Ian Grigg iang@systemics.com
Thu, 31 Aug 2000 20:24:22 -0400


"Jeroen C. van Gelderen" wrote:

> Unless I'm missing something...
> 
> I would suggest that the hash used is exactly the same
> hash that is signed by PGP. I.e. follow the OpenPGP rules
> exactly.

well, sure, but we want to hash the PGP signature as
well, in the sense that we want that signature, not
any other.  Our sense of deep suspicion means that
even a single byte changing, and we want to know why,
which is, in Ricardian terms, bounced up to the user
as "the contract isn't the same!"

So, we can't use the PGP hash, as we need to hash it
and the following sig as well.

> If we don't we'll end up with a contract hash that does not
> represent what the Issuer signed for. I.e. the OpenPGP
> signature is calculated over the contract without trailing
> CR/LF whereas our hash is calculated over the contract
> with CR/LF.
> 
> Additionally this would cause a problem where two contract
> hashes are considered to be different (i.e. different
> contracts) but OpenPGP would consider them to be the same
> and both valid.
> 
> If someone were to mutilate an existing contract by adding
> in the spurious newline, it would still look like a valid
> contract but the hash wouldn't be correct.
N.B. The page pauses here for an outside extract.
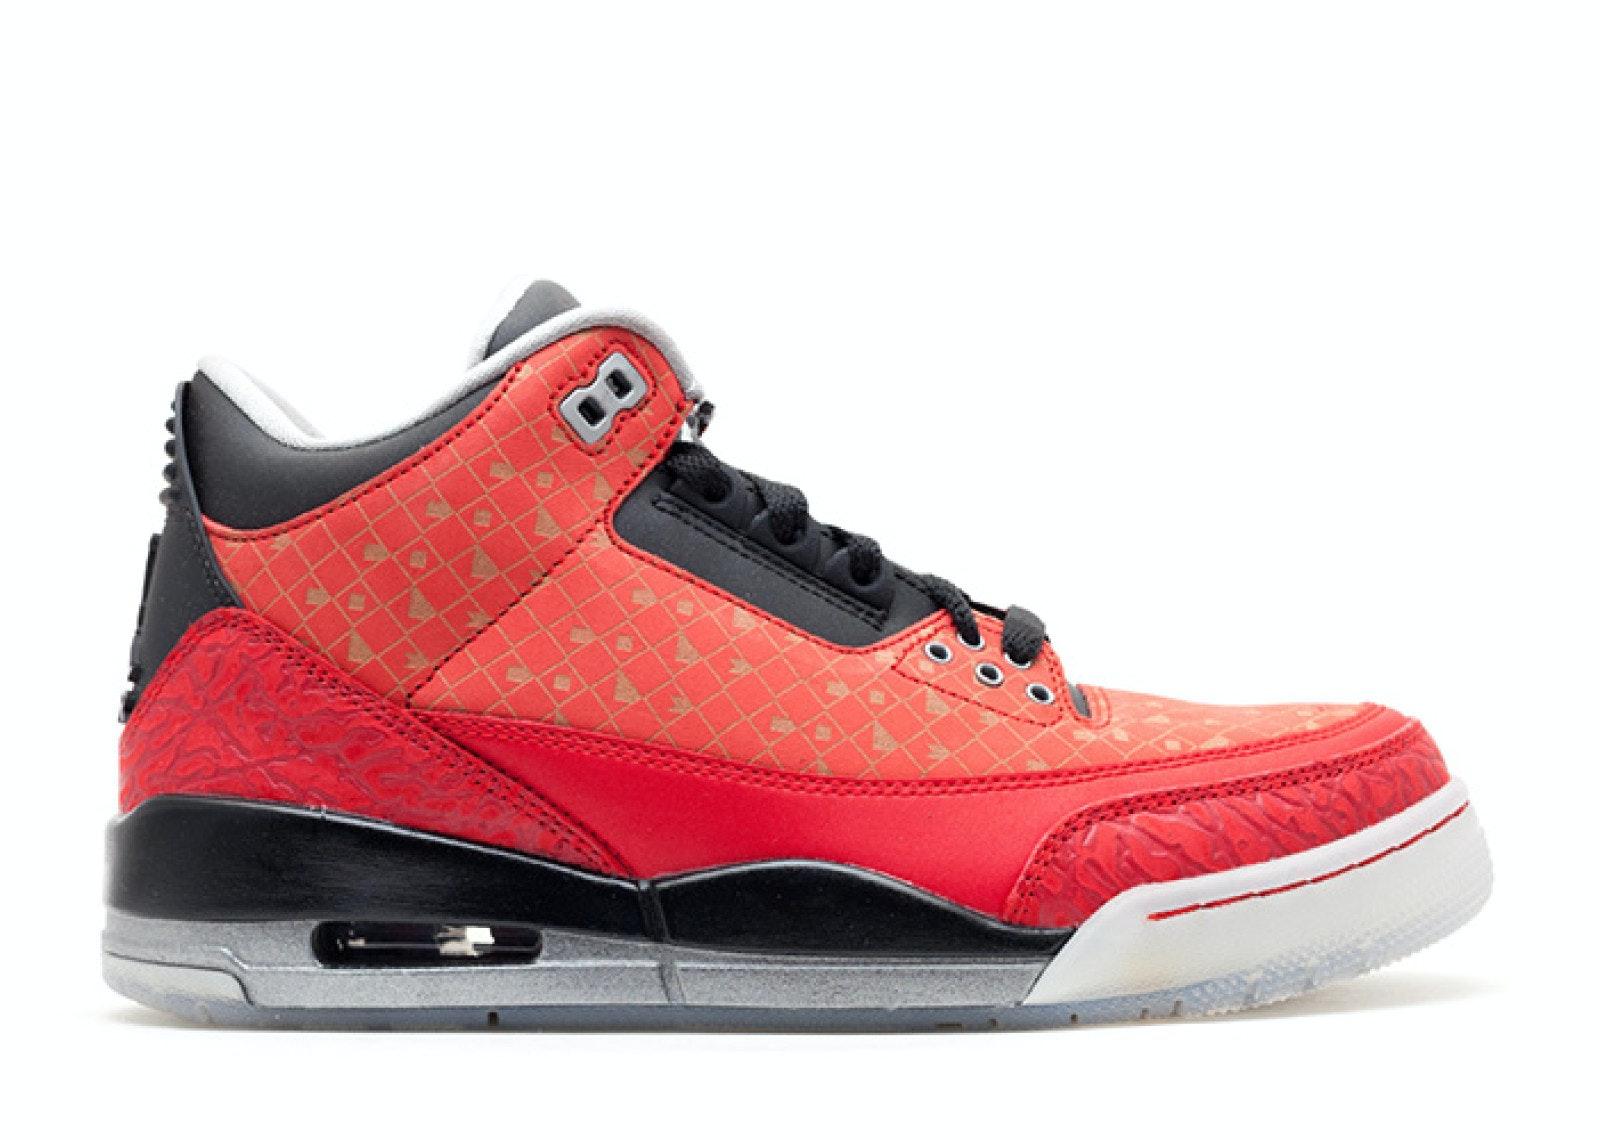 Jordan 3 Retro Doernbecher (2013)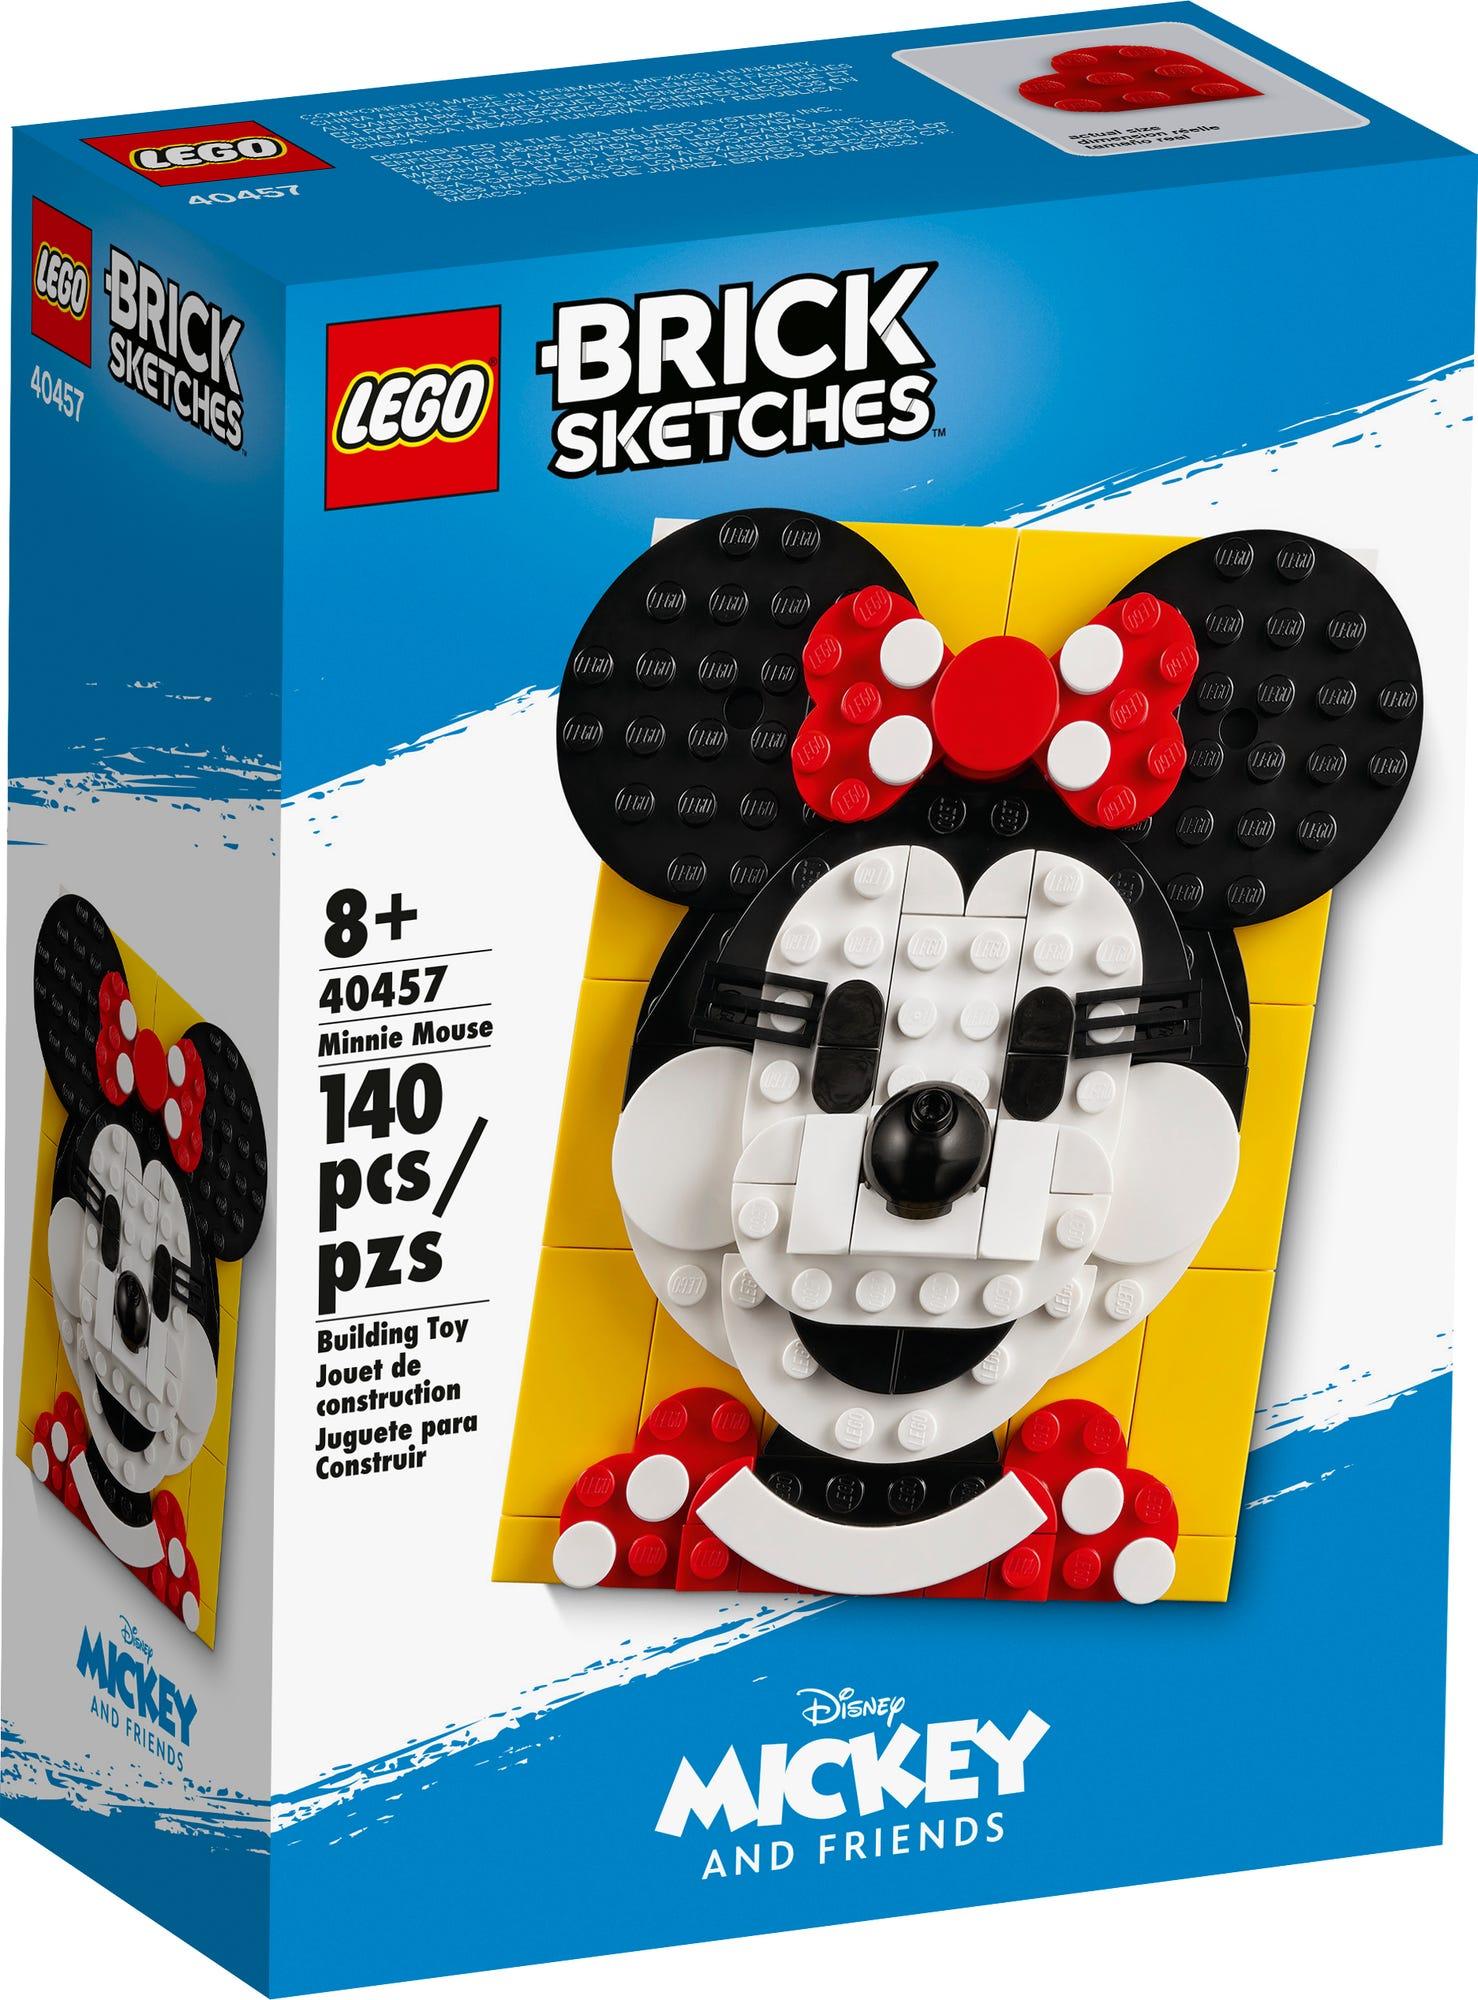 LEGO Brick Sketches 40457 Minnie Mouse (2)

I can feel a
> support headache coming up already ;-)

Yes, and no!  Yes, it would be a support headache, and no,
because this is exactly the support headache that we want
to generate, as we don't want even the slightest change to
slip thorugh.

> I'm not sure why you wouldn't strip of the trailing CR/LF.
> Enlighten me please! In any case, should we 'upgrade' to
> an XML format it wouldn't make a difference as the
> </contract> tag would denote the end of a contract
> unambiguously.

Yes, this is a different issue.  In deciding to regularise
the CR/LF back to "every line has one" rather than the *PGP
"optimisation," I had to think long and hard.  In the end, I
considered these things:

   * the dropping of the last CR/LF was a coding nuisance,
     resulting in bugs / support issues / knowledge issues.
   * PGP code gives us no support for any of this, it
     simply does the sig according to its rules, and returns
     the results - the hash is an internal issue only.
   * so much so that there is no external concept of
     calculating the pgp sig hash; the exported concept
     is one of calculating the sig, and how it does it is
     a PGP issue.
   * so we have to write the code anyway...
   * so, it is only programmers who are well versed in *both*
     code bodies that will ever know there is a difference.
   * meanwhile, there is an externally exported concept of
     calculating the Ricardian Hash - I want a FreeBSD pgm
     to do it, I'd like the same in dos, I'd like all the
     Perl to do it as easily as the Java as easily as all
     the other languages (and I want that *more* than checking
     the signatures, which can be farmed out to a PGP code
     base).
   * and, it is actually harder to write a simple script
     in Perl / shell / etc that treats the last line as
     distinct to the others with something as tricky as
     a newline difference (recall that these scripting
     languages are line based...).
   * and, it is what we've always used, and it has always
     worked well.

> I basically think that details like this are probably not
> what you want to try and explain to a judge and that's
> why I think following the OpenPGP signature rules could
> -despite some braindamage- be a better solution than not
> doing so...

I agree that a judge might be confused as to why we use a
distinct method to OpenPGP.  But I don't see it as so much
of an issue as the whole point of using this format is that
we do in fact surface any contract changes.  So whilst he
may say that we are confusing the issue by using different
formats, he cannot say that this confusion will result in
any difficulties for users, because all the code will work
with this method, and will all agree - or not as the case
may be.

It's a bit different to the contract clauses - there, we
need a clear mapping between technical processes (programs)
and visible processes (lawyers).

With the hash, there is no legal concept of interpretation;
so we can choose any way we like:  so we can choose the way
that best suits our needs.

> Which negotiation bit did I miss here? ;-/

The last 16?

:)

Iang:
> > BTW, from memory, the canonical hash rules we have established are:
> >
> >    * from BEGIN to END lines, inclusive, excluding other lines
> >    * space-trimmed at end (same as cleartext sig)
> >    * _all_ lines terminated with \r\n (almost the same as sig)
> >    * hash is undefined by this format, but can be tweaked in
> >      local file, or assumed by application.  We assume SHA1.
> >
> > The salient difference with the signature rules is that we
> > do not drop the last \r\n.  That's a zimmerism that I wasn't
> > prepared to punish any programmer with ;)

-- 
iang